Gizli tanık Çınar, ifadelerinin devamında, “17 Haziran 2008 tarihinde tekrar Malatya’ya geldim. Mehmet Ülger bana; ‘şimdi yapman gereken bir konu daha var’ diyerek hakkımda haber yapan ve cemaate yakın gazete ve dergilerde çalışan gazeteci Adem Yavuz Aslan hakkında adli makamlara vermem için, bir dilekçe örneği yazdırdı. Ben dilekçemde Adem Yavuz Aslan’ın silahlı adamlarının evime geldiğini, misyonerlere karşı çalışma yapmamam konusunda beni tehdit ettiklerini, misyonerler hakkında bir daha yazıp çizmeyeceğimi söylediklerini, bunun da Fethullah Gülen cemaatince istendiğini yazacaktım. Bu notları ajandama yazdım. İşte Adem Aslan Yavuz’u şikayet etmem için Mehmet Ülger’in ajandama yazdırdığı bu dilekçe örneği evime hırsız girmesi sonucunda ajandamdan yırtılarak alındı. Ancak ben bu dilekçeyi hiçbir makama ibraz etmedim. Ancak, ajandamdan yırtılarak alınan bu dilekçe örneği dava dosyasına konulmuştur. Bu dilekçe örneğini bana Mehmet Ülger yazdırmıştı. Bunu ben dava dosyasına koymadım, ajandamdan çalınarak dava dosyasına konulmuş. Bu dilekçeyi bana yazdırmalarının nedeni, beni öldürüp, olayı misyonerlerin ve Fethullah Gülen cemaatinin üzerine atacaklardı. Misyonerlerin Fethullah Gülen cemaati ile birlikte çalıştığını göstereceklerdi. Beni öldürdükten sonra ajandama yazdırdıkları dilekçe örneğini mahkemeye göstereceklerdi. Olayı misyonerlerin ve Fethullah Gülen cemaati üzerine yıkacaklardı. Bana yazdırılan dilekçeyi adli makamlara vermedim, çünkü ölüm fermanım olacaktı” iddialarını ileri sürdü.
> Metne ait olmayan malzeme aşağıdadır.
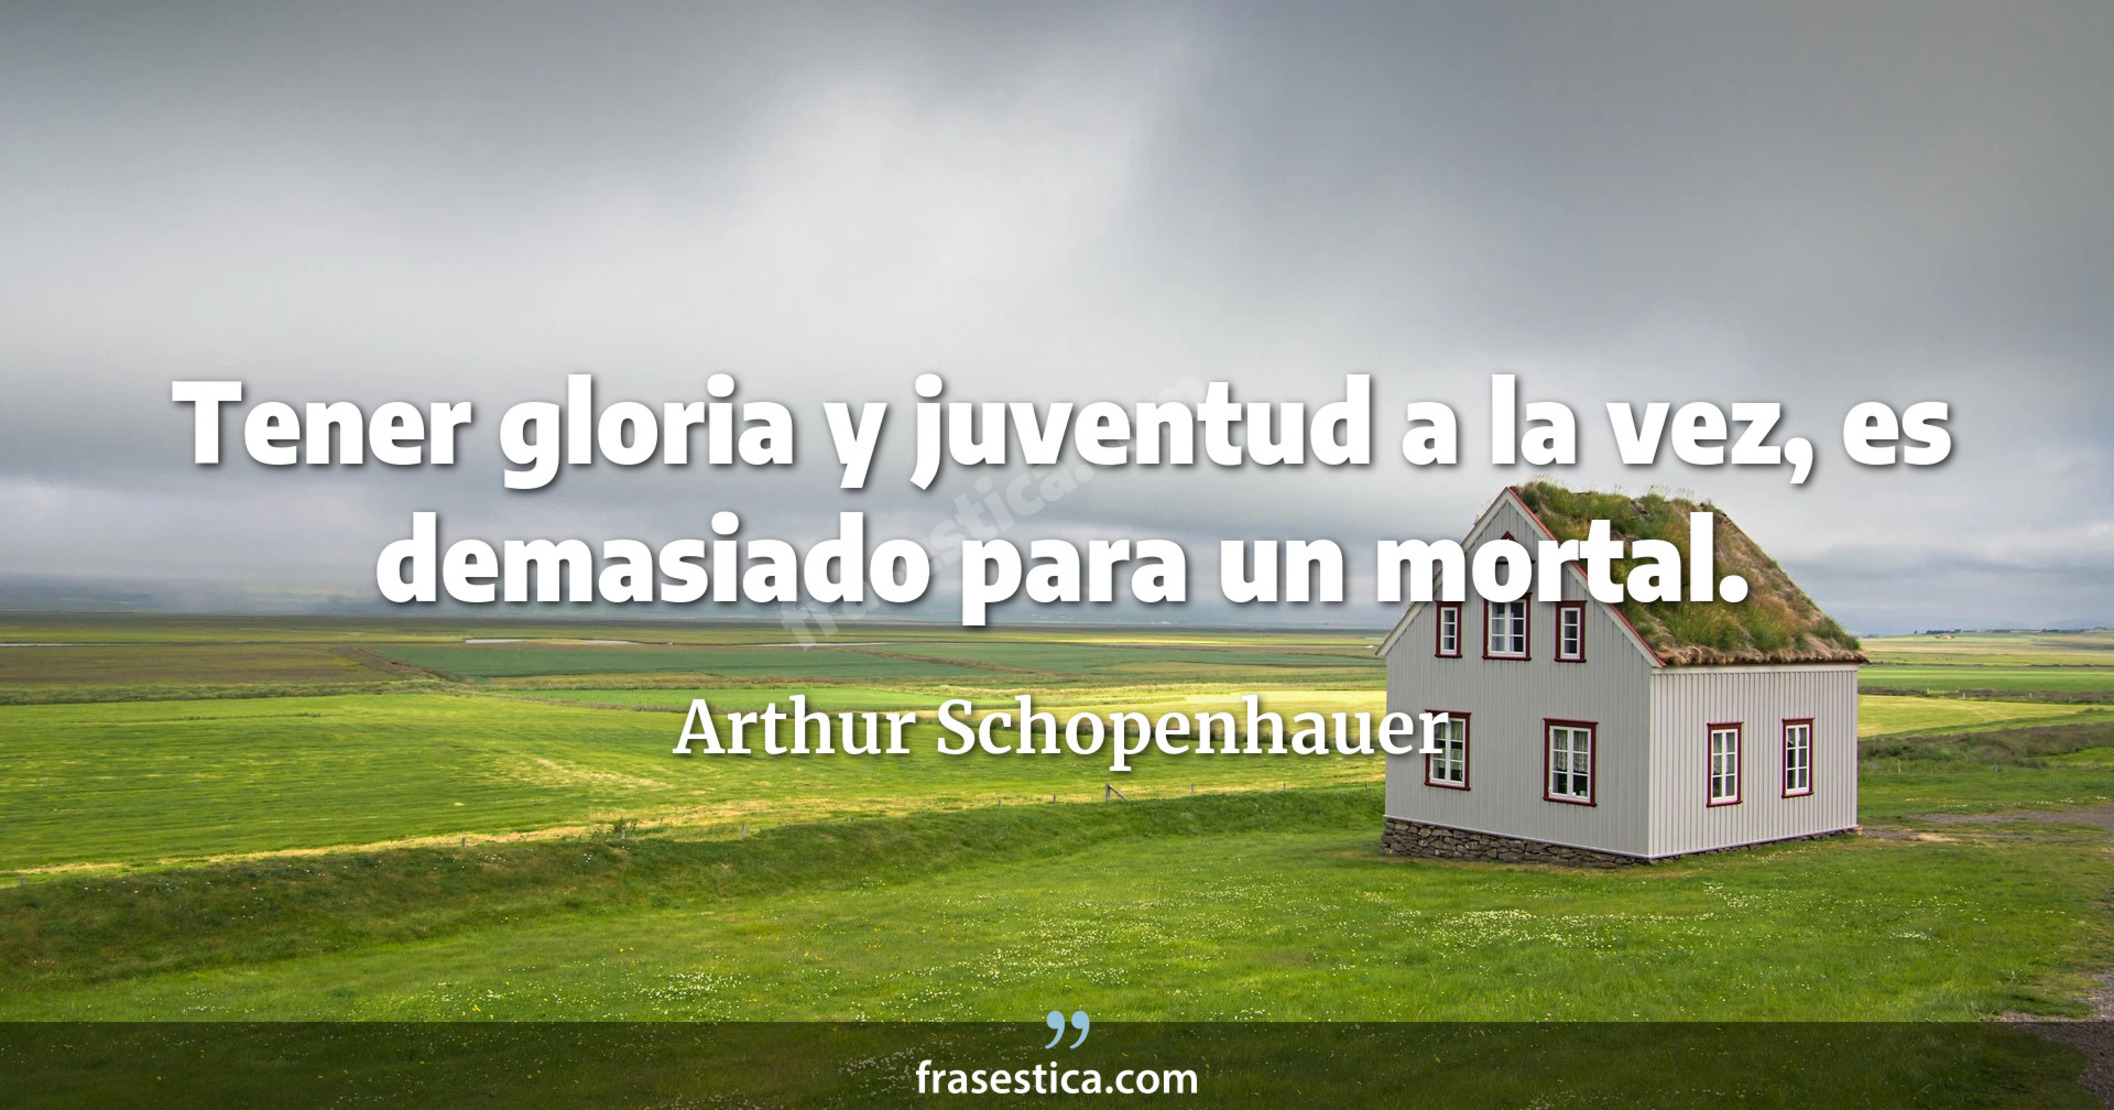 Tener gloria y juventud a la vez, es demasiado para un mortal. - Arthur Schopenhauer

İlker Çınar, 15 Ağustos 2008 tarihinde kendisinin Tarsus Emniyeti’ne davet edilerek, burada öldürülecekler listesinin gösterildiğini ve listede kendi isminin de bulunduğunu, aynı şekilde jandarma tarafından da, öldürülecekler listesi konusunda kendisine bilgi verildiğini söyledi.